In this paper we describe an alternative to standard nonnegative matrix factorization (NMF) for nonnegative dictionary learning, i.e., the task of learning a dictionary with nonnegative values from nonnegative data, under the assumption of nonnegative expansion coefficients. A popular cost function used for NMF is the Kullback-Leibler divergence, which underlies a Poisson observation model. NMF can thus be considered as maximization of the joint likelihood of the dictionary and the expansion coefficients. This approach lacks optimality because the number of parameters (which include the expansion coefficients) grows with the number of observations.
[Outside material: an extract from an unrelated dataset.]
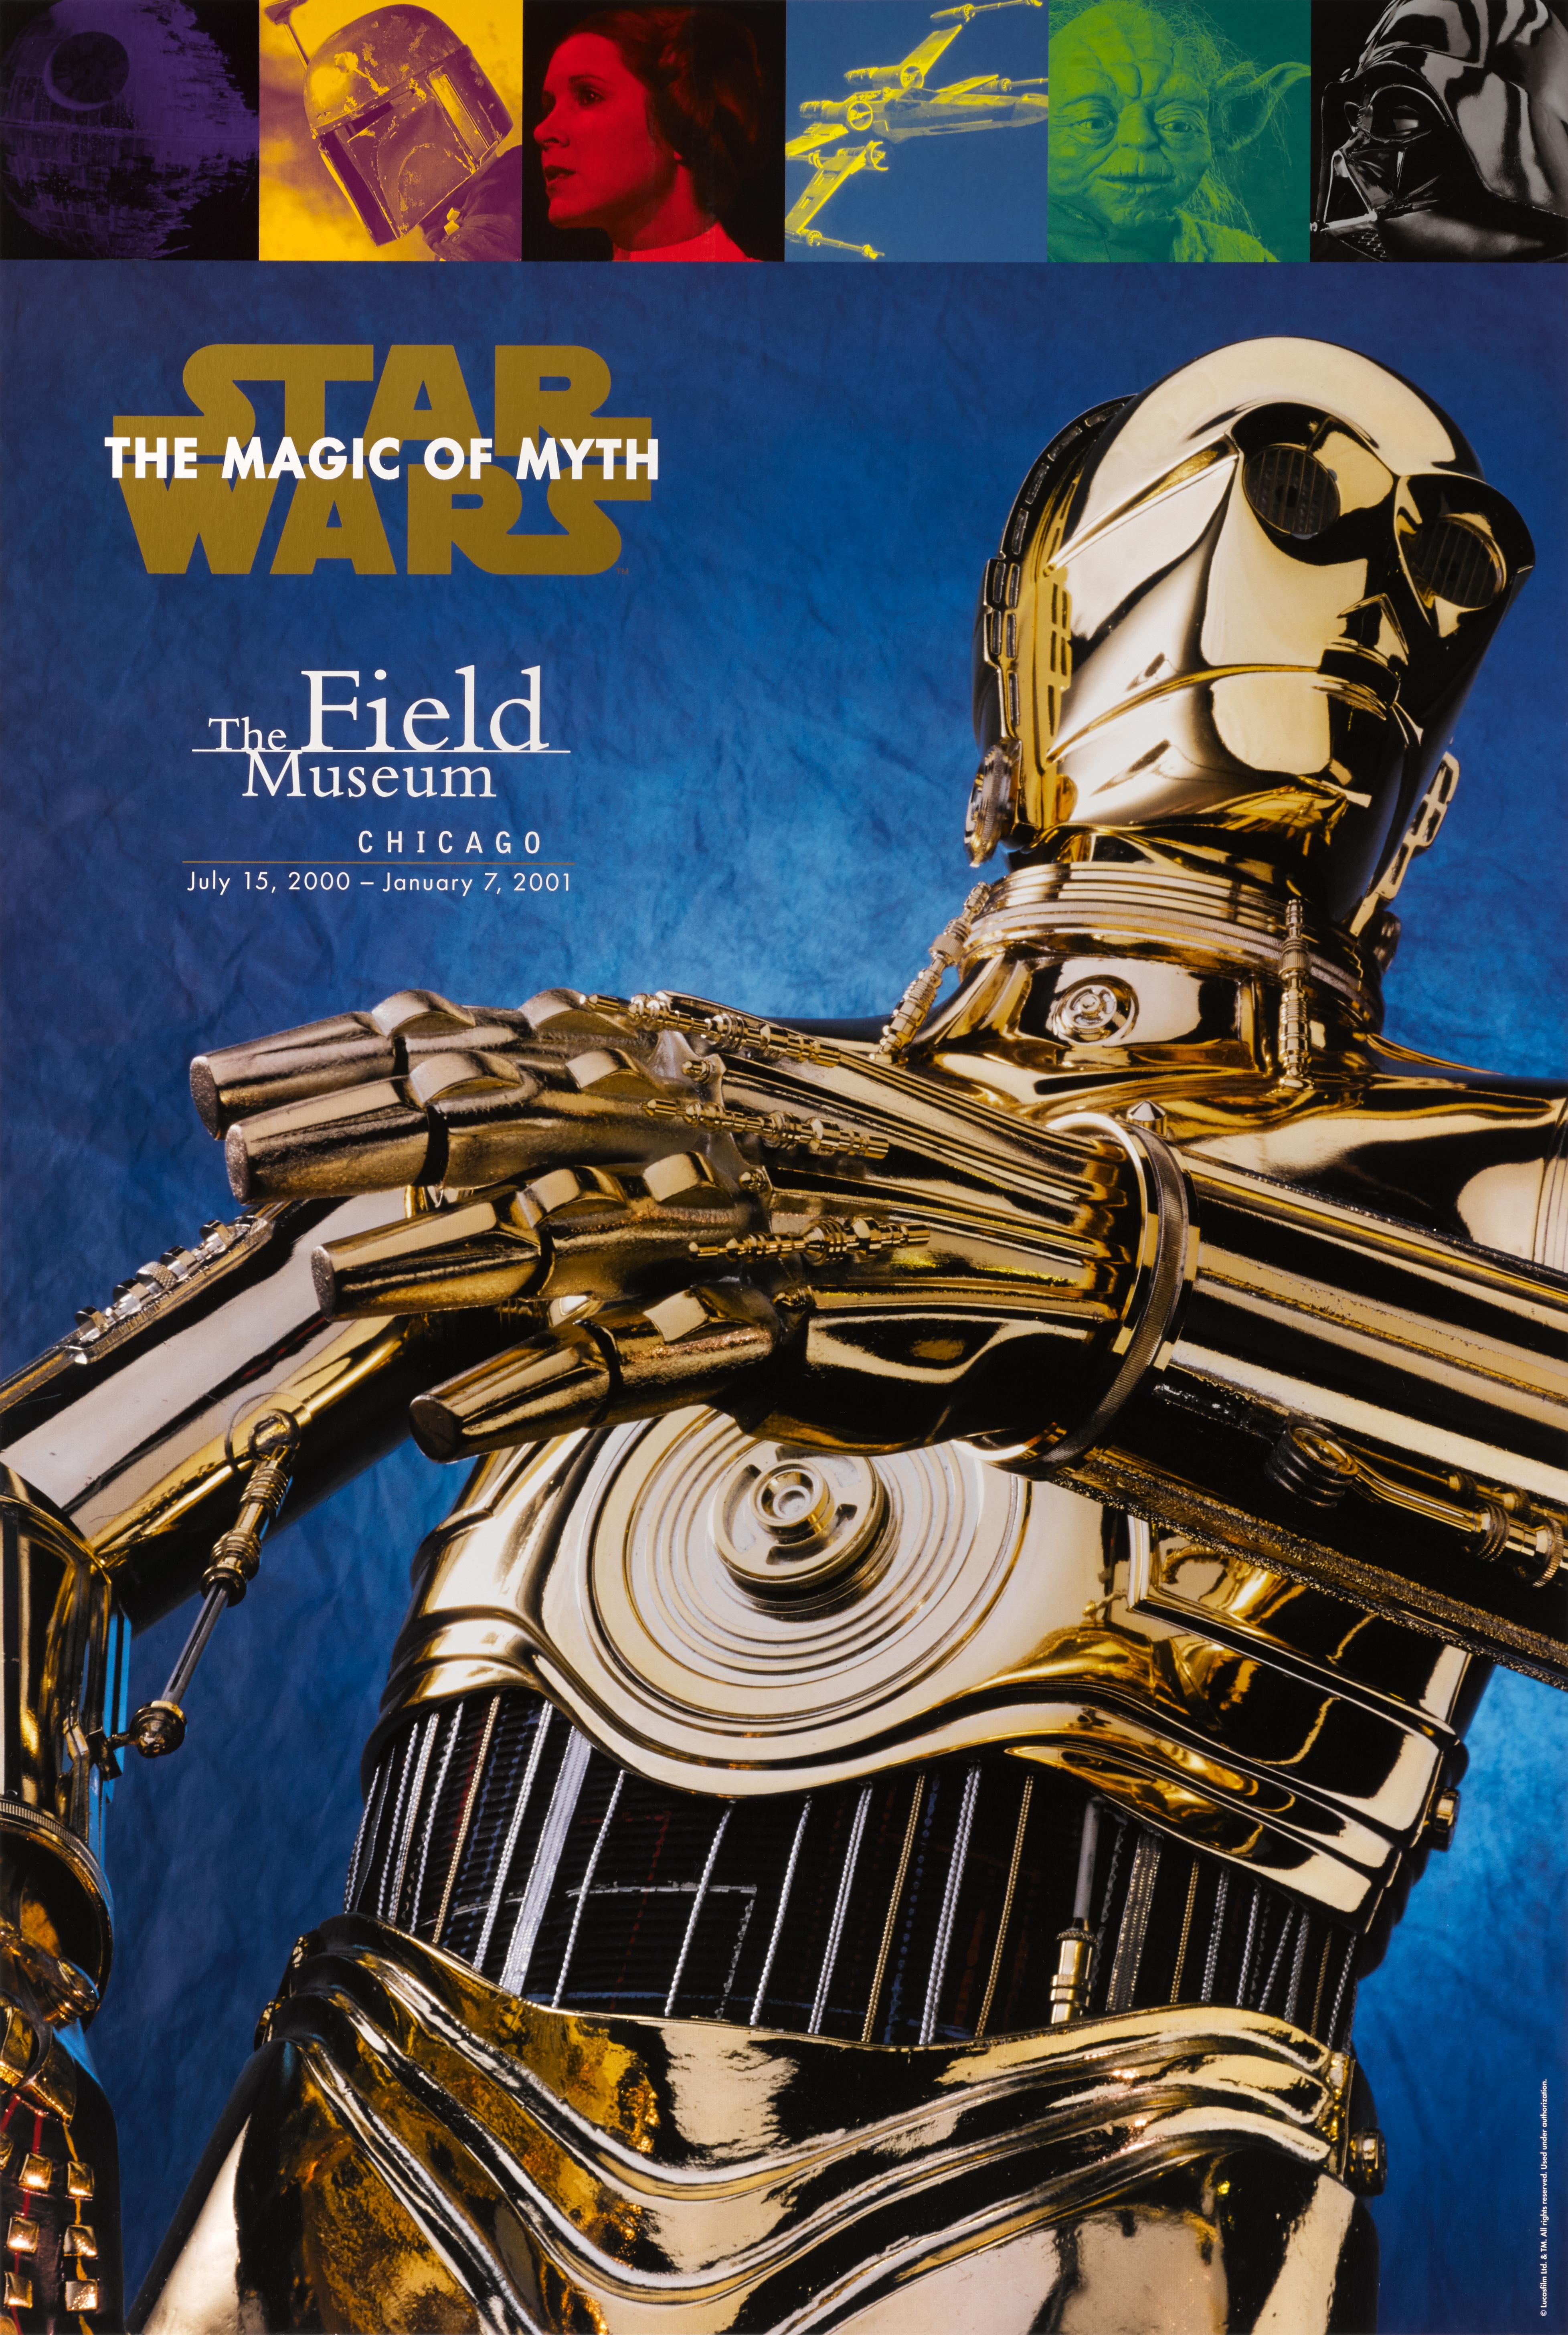 Amerikanisches Originalplakat für die Ausstellung Star Wars: The Magic of Myth, die vom 15. Juli 2000 bis zum 7. Januar 2001 im The Field Museum in Chicago stattfand.
Dieses Plakat ist Erhaltung Leinen zurück und ungefaltet wäre es in einem starken

In this paper we describe variational Bayes and Monte-Carlo EM algorithms for optimization of the marginal likelihood, i.e., the likelihood of the dictionary where the expansion coefficients have been integrated out (given a Gamma prior). We compare the output of both maximum joint likelihood estimation (i.e., standard NMF) and maximum marginal likelihood estimation (MMLE) on real and synthetical datasets. In particular we present face reconstruction results on CBCL dataset and text retrieval results over the musiXmatch dataset, a collection of word counts in song lyrics. The MMLE approach is shown to prevent overfitting by automatically pruning out irrelevant dictionary columns, i.e., embedding automatic model order selection.
- Automatic relevance determination
- model order selection
- Monte Carlo EM
- nonnegative matrix factorization
- sparse coding
- variational EM